EXCERPTED DATA Block Start

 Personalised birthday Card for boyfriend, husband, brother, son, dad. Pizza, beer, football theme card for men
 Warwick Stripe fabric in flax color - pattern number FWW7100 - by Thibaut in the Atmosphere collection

EXCERPTED DATA Block End
EXCERPTED DATA Block Start

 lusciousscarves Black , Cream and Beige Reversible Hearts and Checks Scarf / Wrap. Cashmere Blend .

EXCERPTED DATA Block End
EXCERPTED DATA Block Start

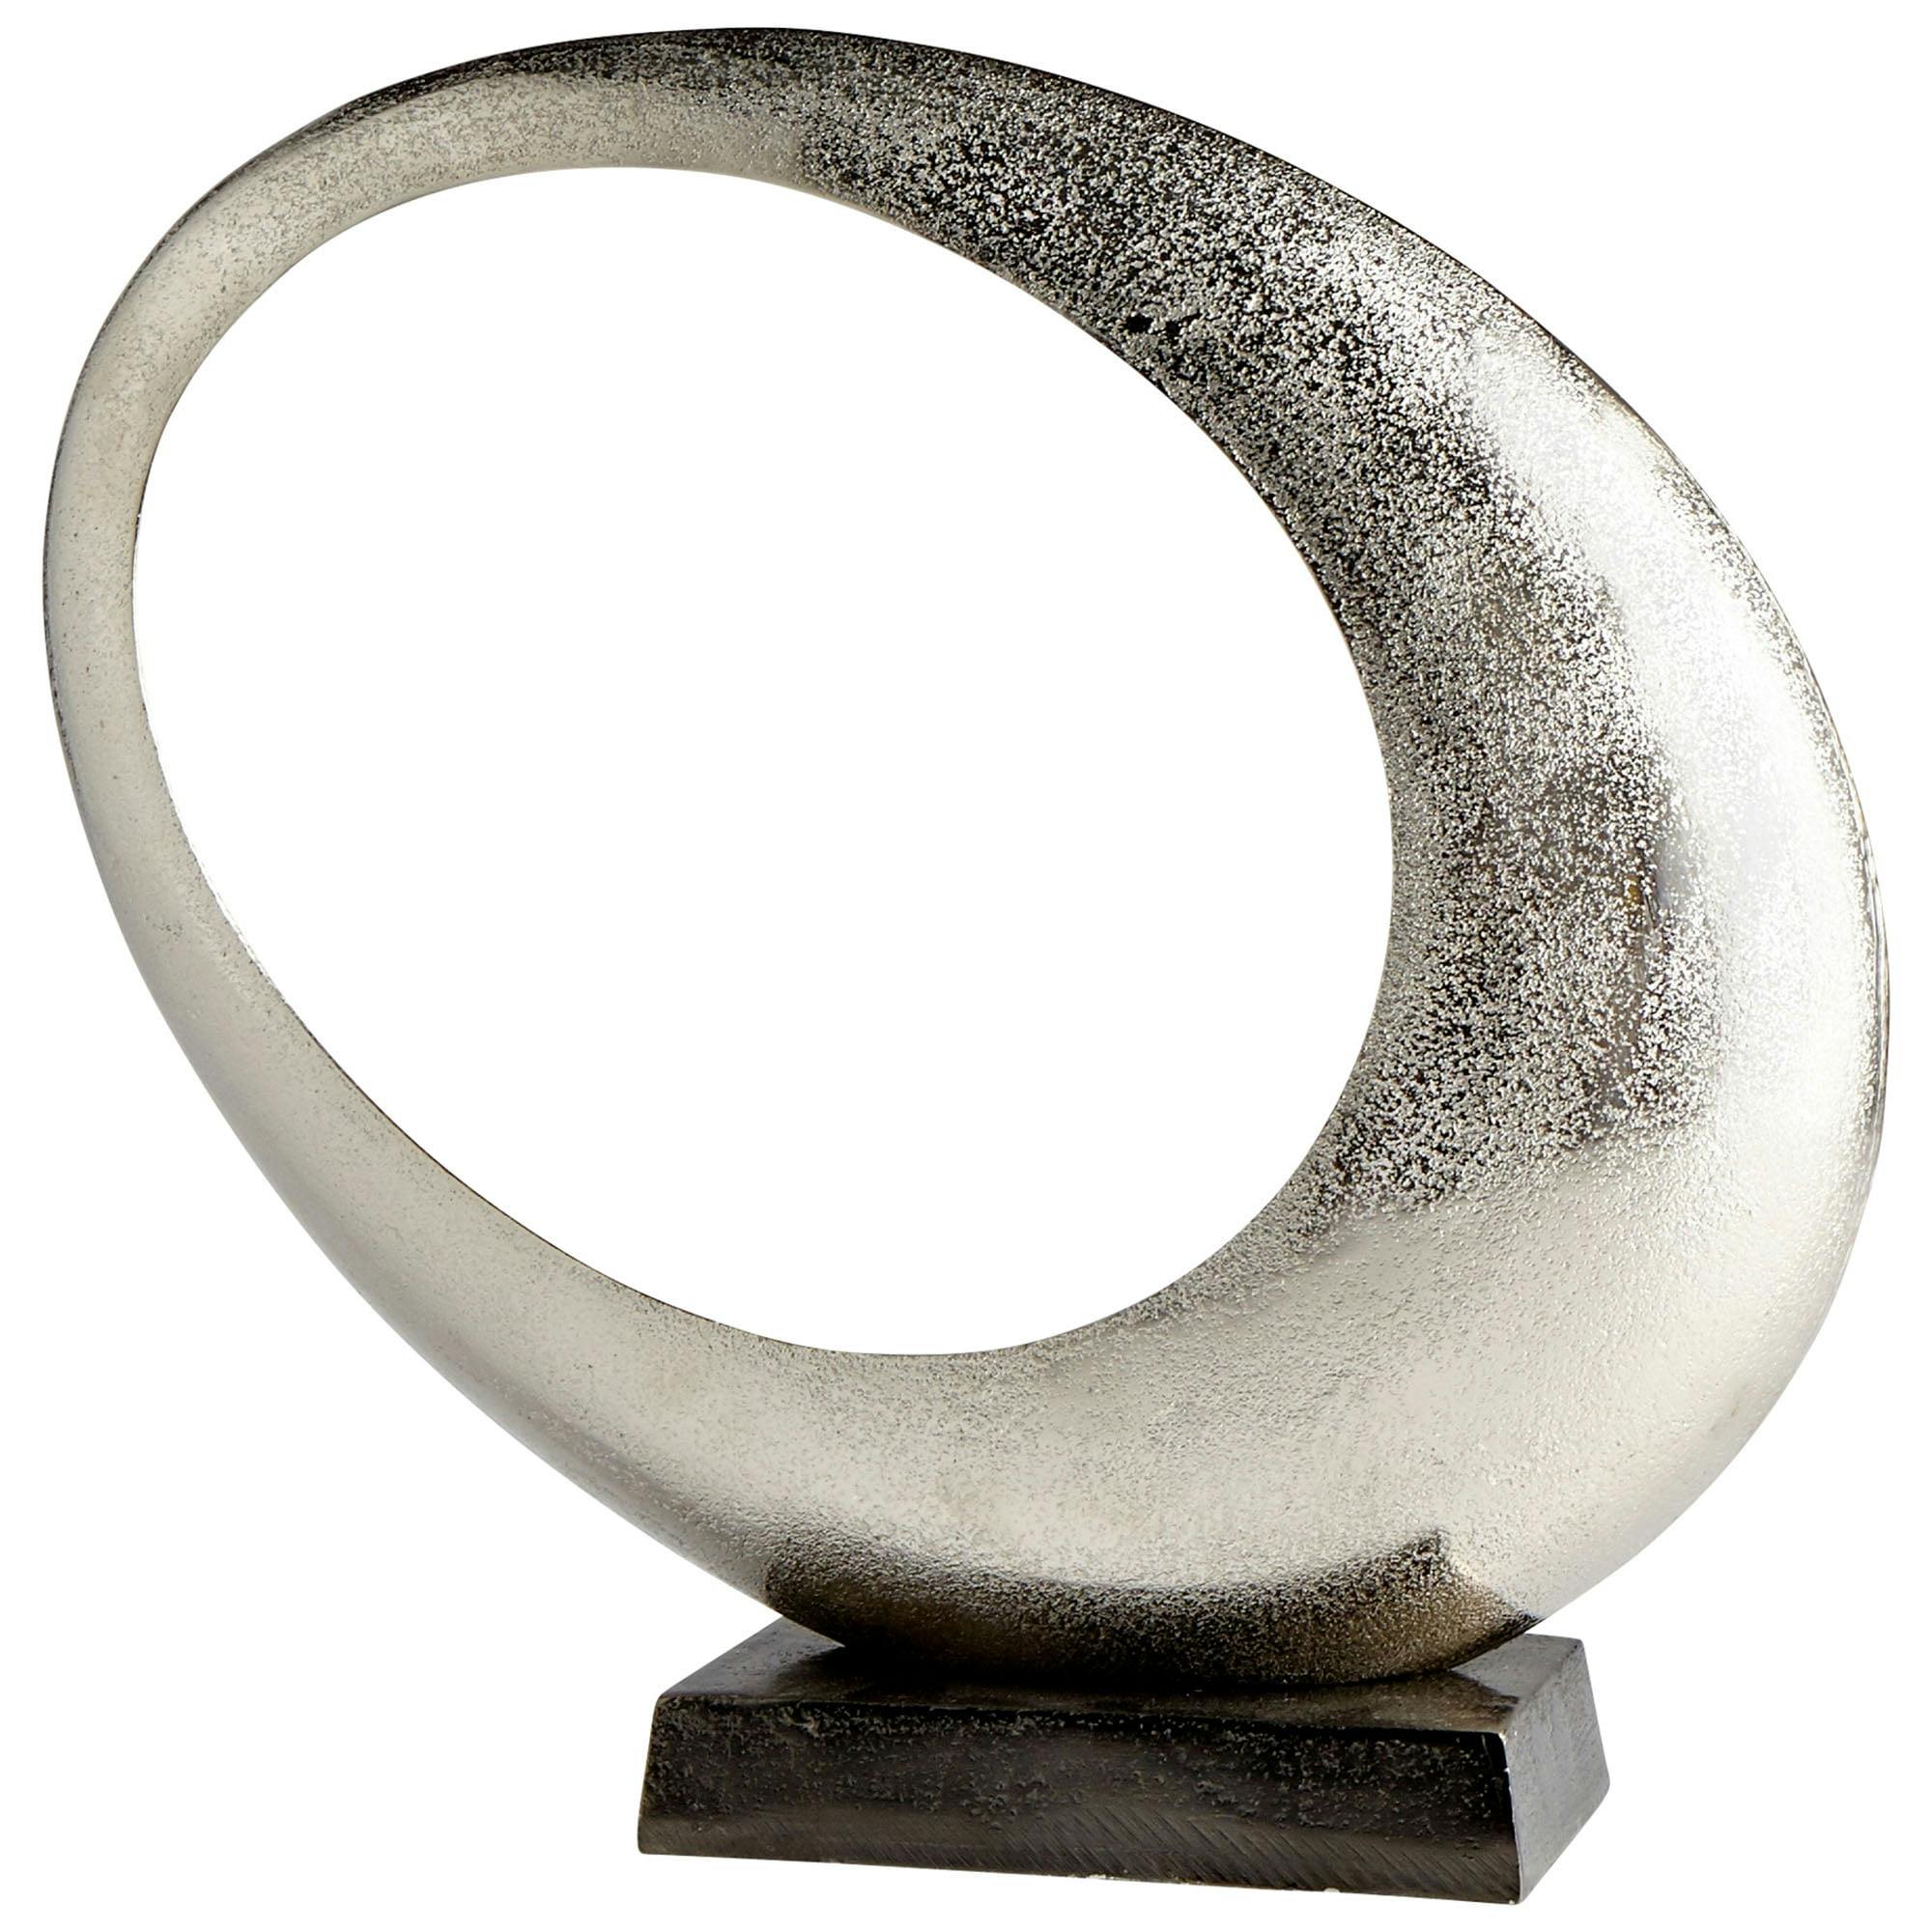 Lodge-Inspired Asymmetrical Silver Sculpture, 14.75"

EXCERPTED DATA Block End

- _TASK ITEM_: Return, word for word, the lines of the data above from the line with "Personalised birthday Card" through the line with "Warwick Stripe fabric", inclusive.

- _RESPONSE FOR THIS EXERCISE_:
 Personalised birthday Card for boyfriend, husband, brother, son, dad. Pizza, beer, football theme card for men
 Warwick Stripe fabric in flax color - pattern number FWW7100 - by Thibaut in the Atmosphere collection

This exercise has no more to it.